Provided material —
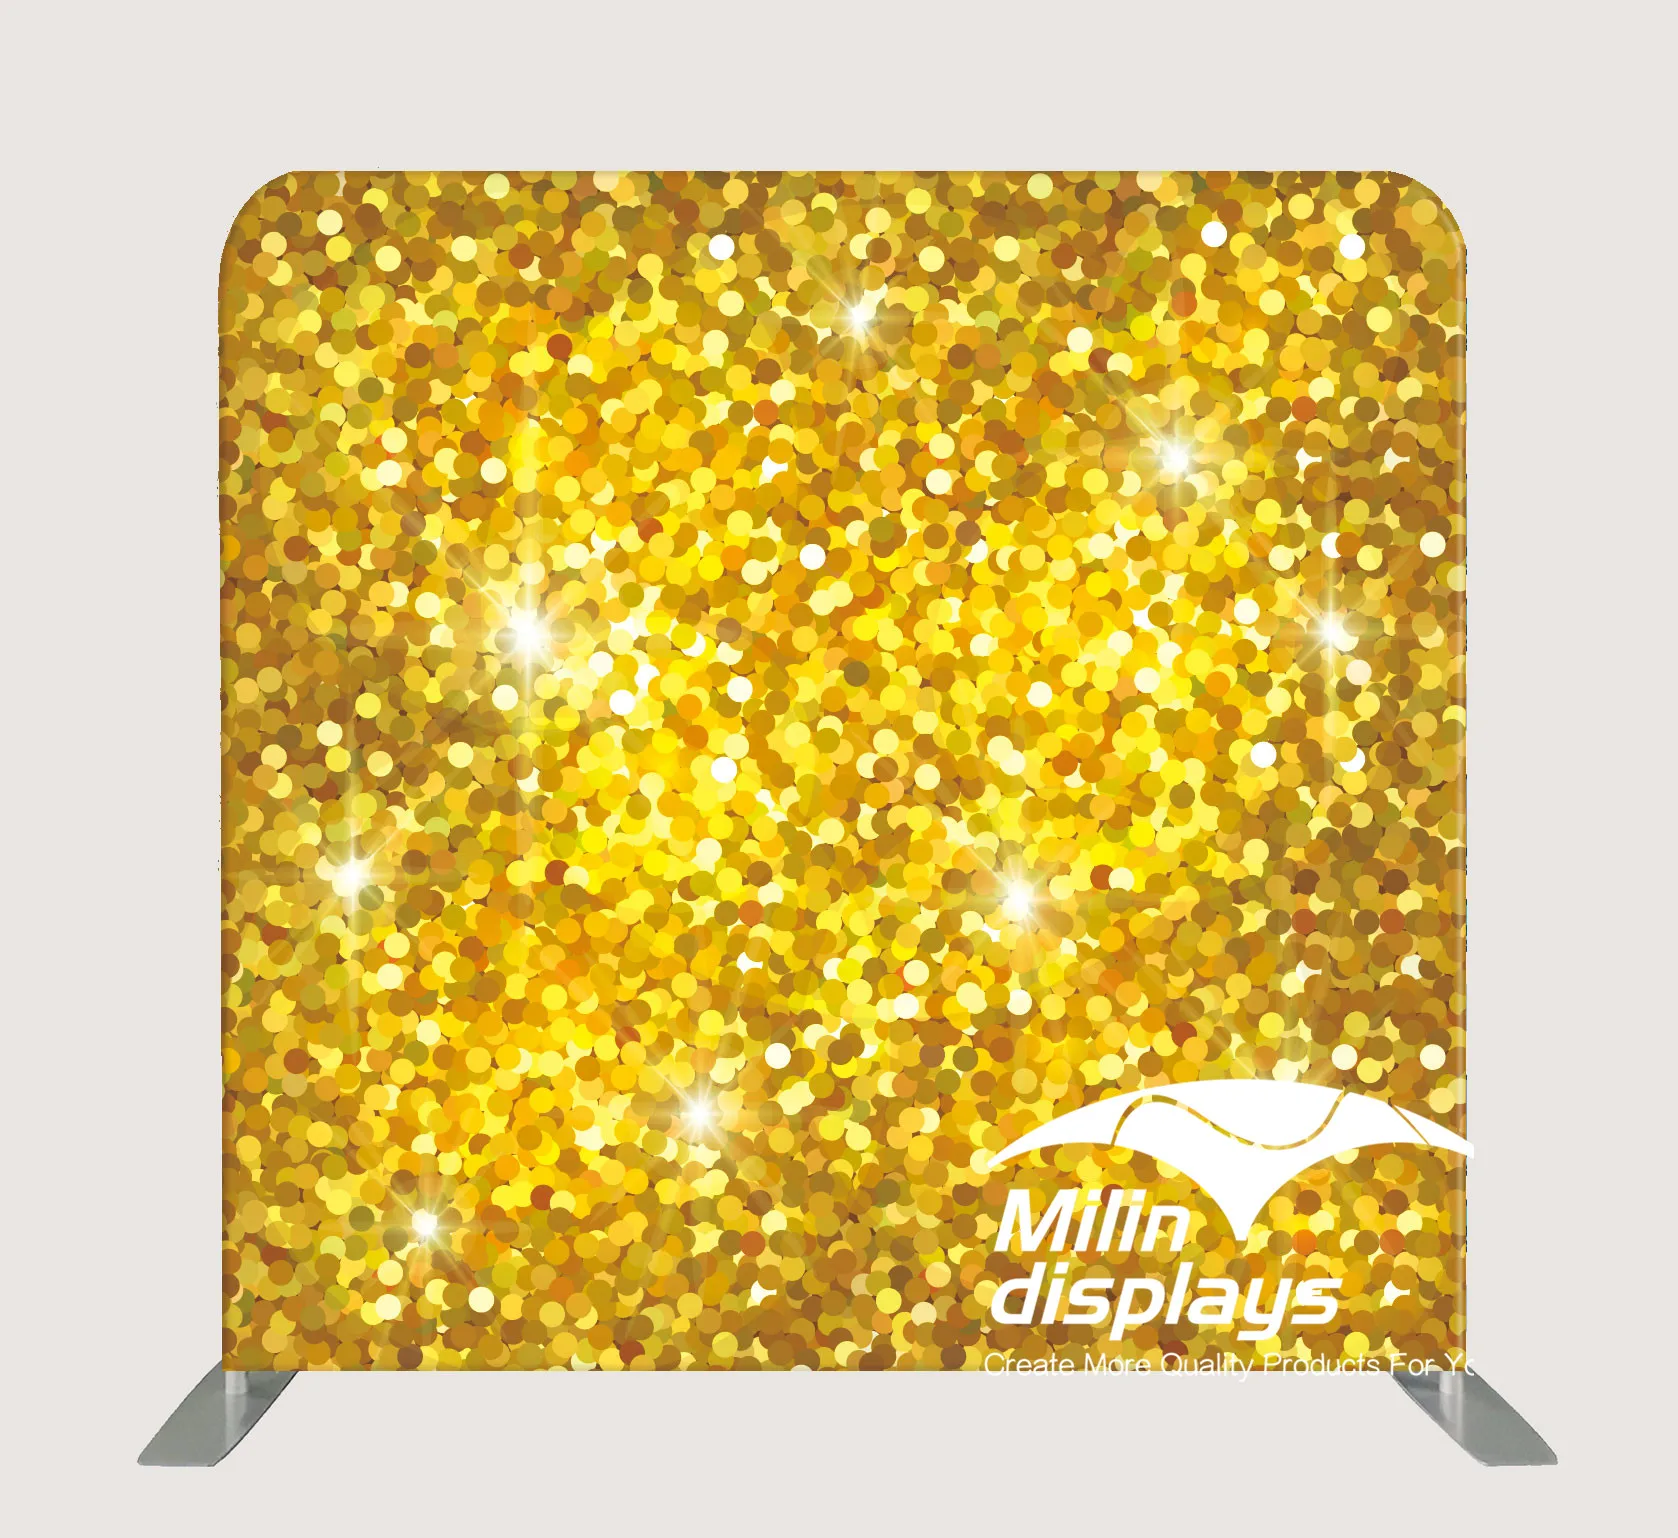 Pillow Cover Backdrop (Large Gold Sequins) - PB Backdrops
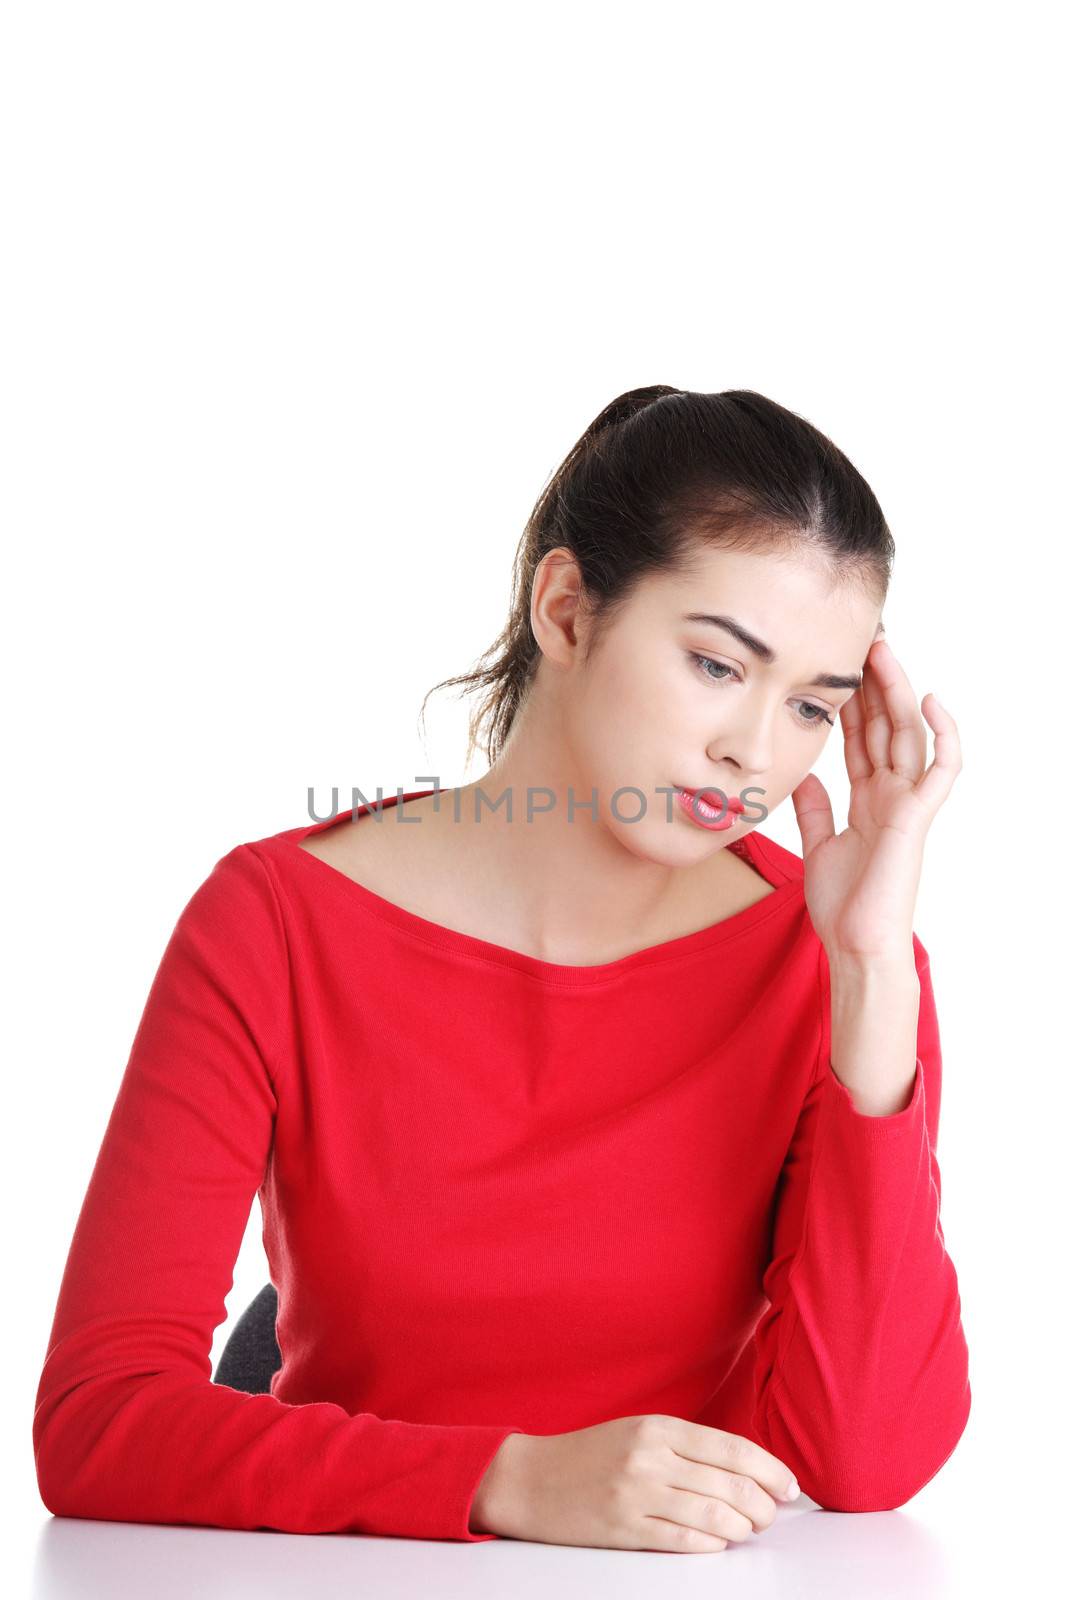 Girl sitting with resigned position. Bored young woman touching her head. Isolated on white background.
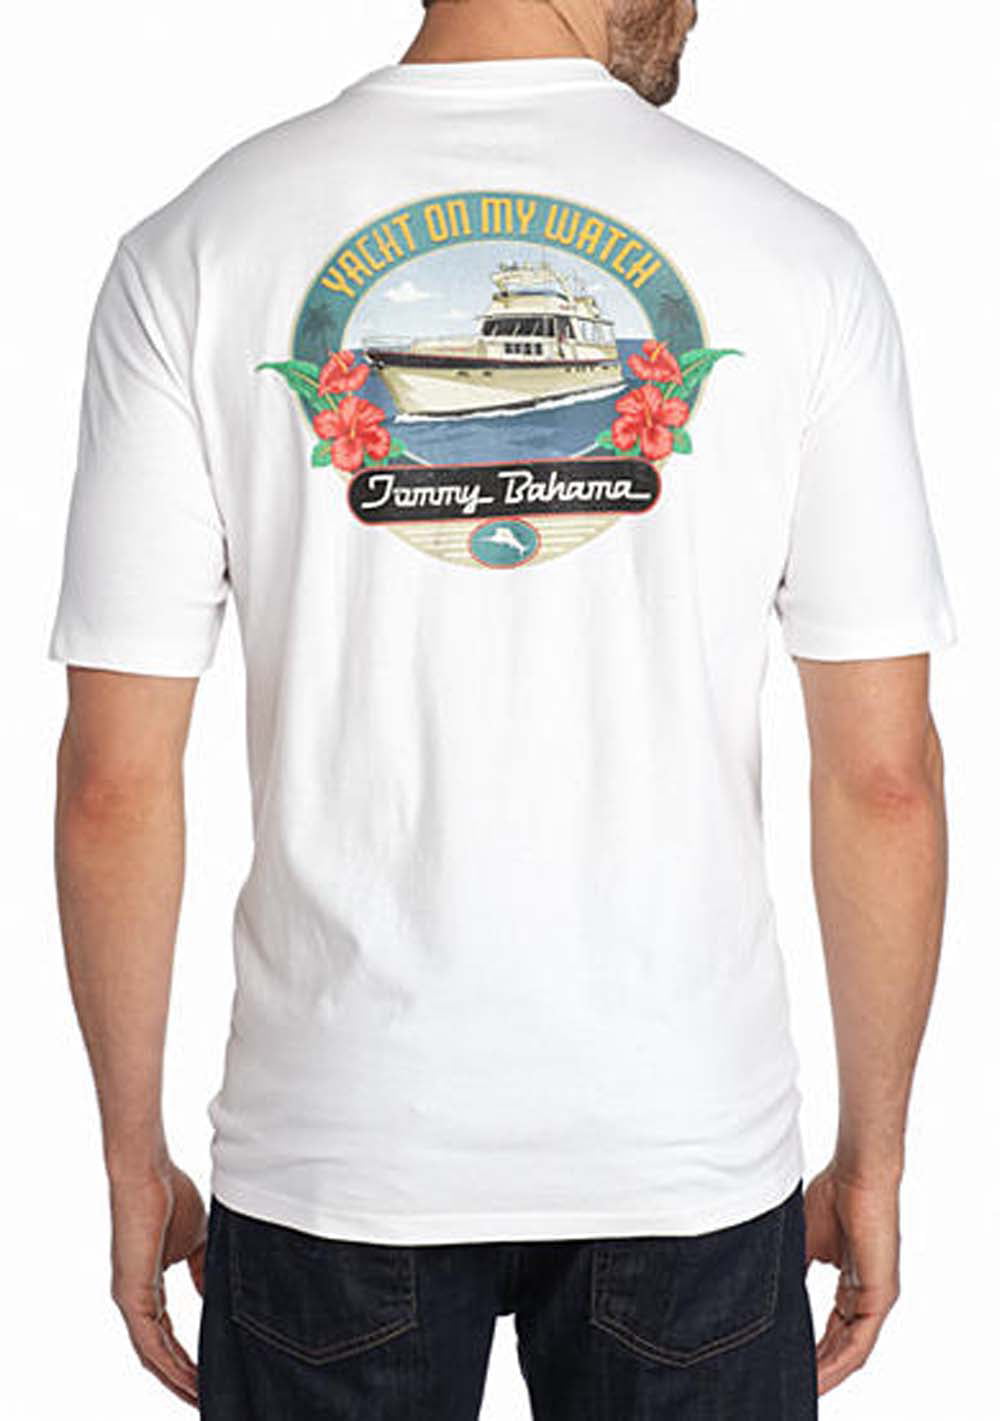 Tommy Bahama - Tommy Bahama Yacht on My Watch Small White T Shirt

Problem statement — Keep every word of the material exactly as given. Drop the pictures.

Response box —
 Pillow Cover Backdrop (Large Gold Sequins) - PB Backdrops
 Girl sitting with resigned position. Bored young woman touching her head. Isolated on white background.
 Tommy Bahama - Tommy Bahama Yacht on My Watch Small White T Shirt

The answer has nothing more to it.